The genetic and molecular basis of many neuromuscular diseases was discovered at Boston Children’s. In the mid-1980s, Louis M. Kunkel, PhD, and his colleagues identified the gene and encoded protein, dystrophin, that are altered in children with Duchenne and Becker muscular dystrophy. His lab later found genes in which mutations cause limb-girdle muscular dystrophies. Today, his laboratory is looking for new treatments for muscular dystrophies.

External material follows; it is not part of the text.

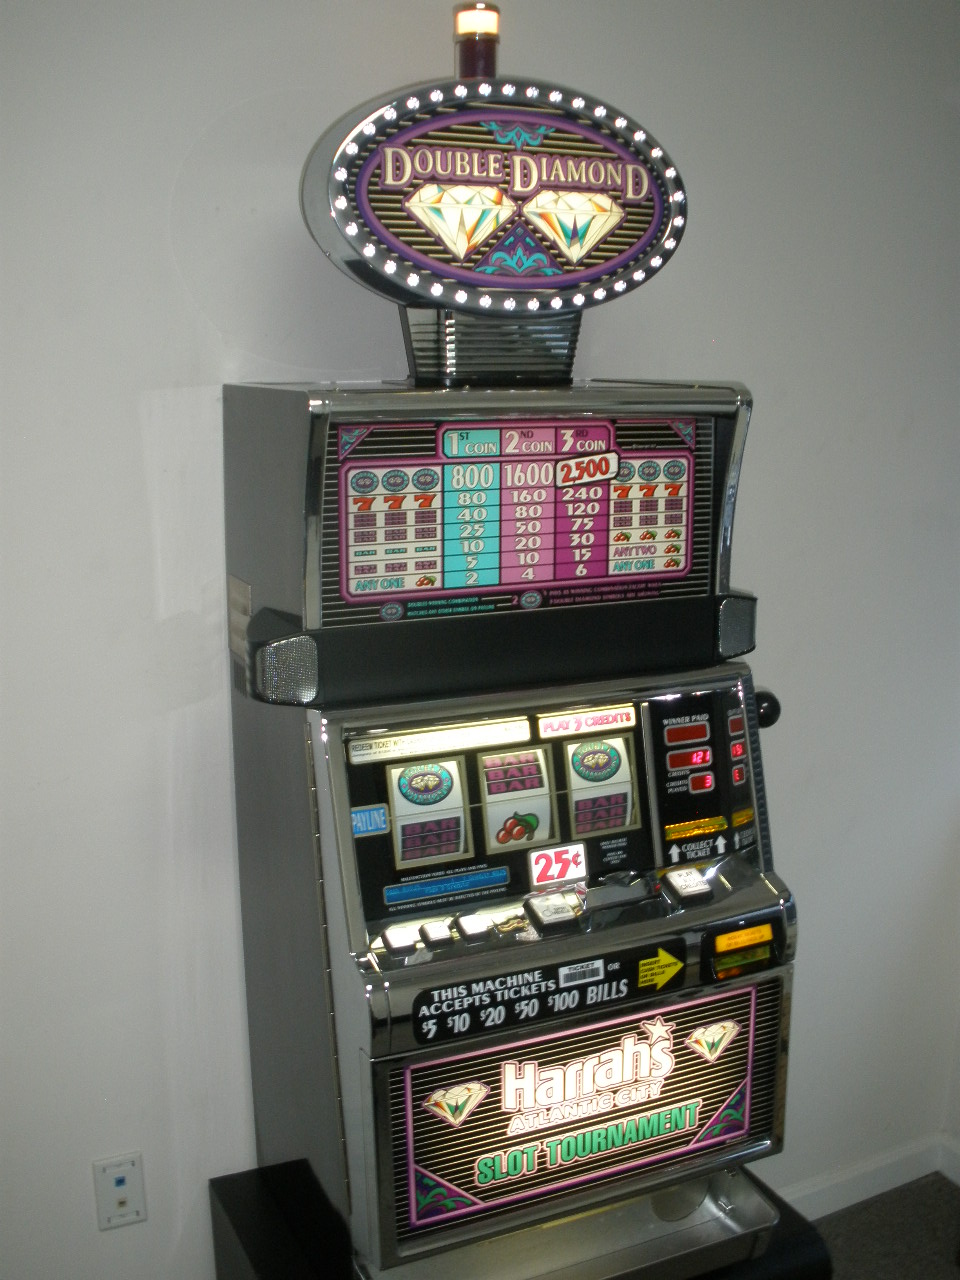 Igt Slot Machine Not Reading Dollars

Since the late 1990s, Alan H. Beggs, PhD, has identified several genes that cause congenital myopathies, and they’re continuing to look for more. In 2008, Boston Children’s opened the Manton Center for Orphan Disease Research to conduct research aimed at finding ways to diagnose and treat congenital myopathies and other rare diseases.
Emanuela Gussoni, PhD, Kunkel and other Boston Children’s researchers are working to develop stem cell therapies for muscular dystrophy and other neuromuscular diseases. An overview of these efforts is given at the muscular disorders page of the Children’s Stem Cell website.
Basil Darras, MD, is working with these laboratories to identify new genes responsible for neuromuscular disorders and to develop treatments. We hope that as potential treatments are found in the laboratory, we can quickly move them into clinical trials for our patients.
We were one of the first four sites in the U.S. to participate in studies of nusinersen (brand name Spinraza), an exciting new treatment for SMA. Due to the success of clinical trials, the U.S. Food and Drug Administration (FDA) approved the use of nusinersen for SMA in children and adults in 2016, and we began offering the drug to all eligible SMA patients.
Improving genetic testing is an active area of research for us. Recently, we developed a method that allows us to screen for muscular dystrophy genes far more efficiently than has been possible in the past.
For some children, the cause of their disease remains a mystery even after extensive testing, so our researchers continue to search for new genetic changes that may explain neuromuscular diseases.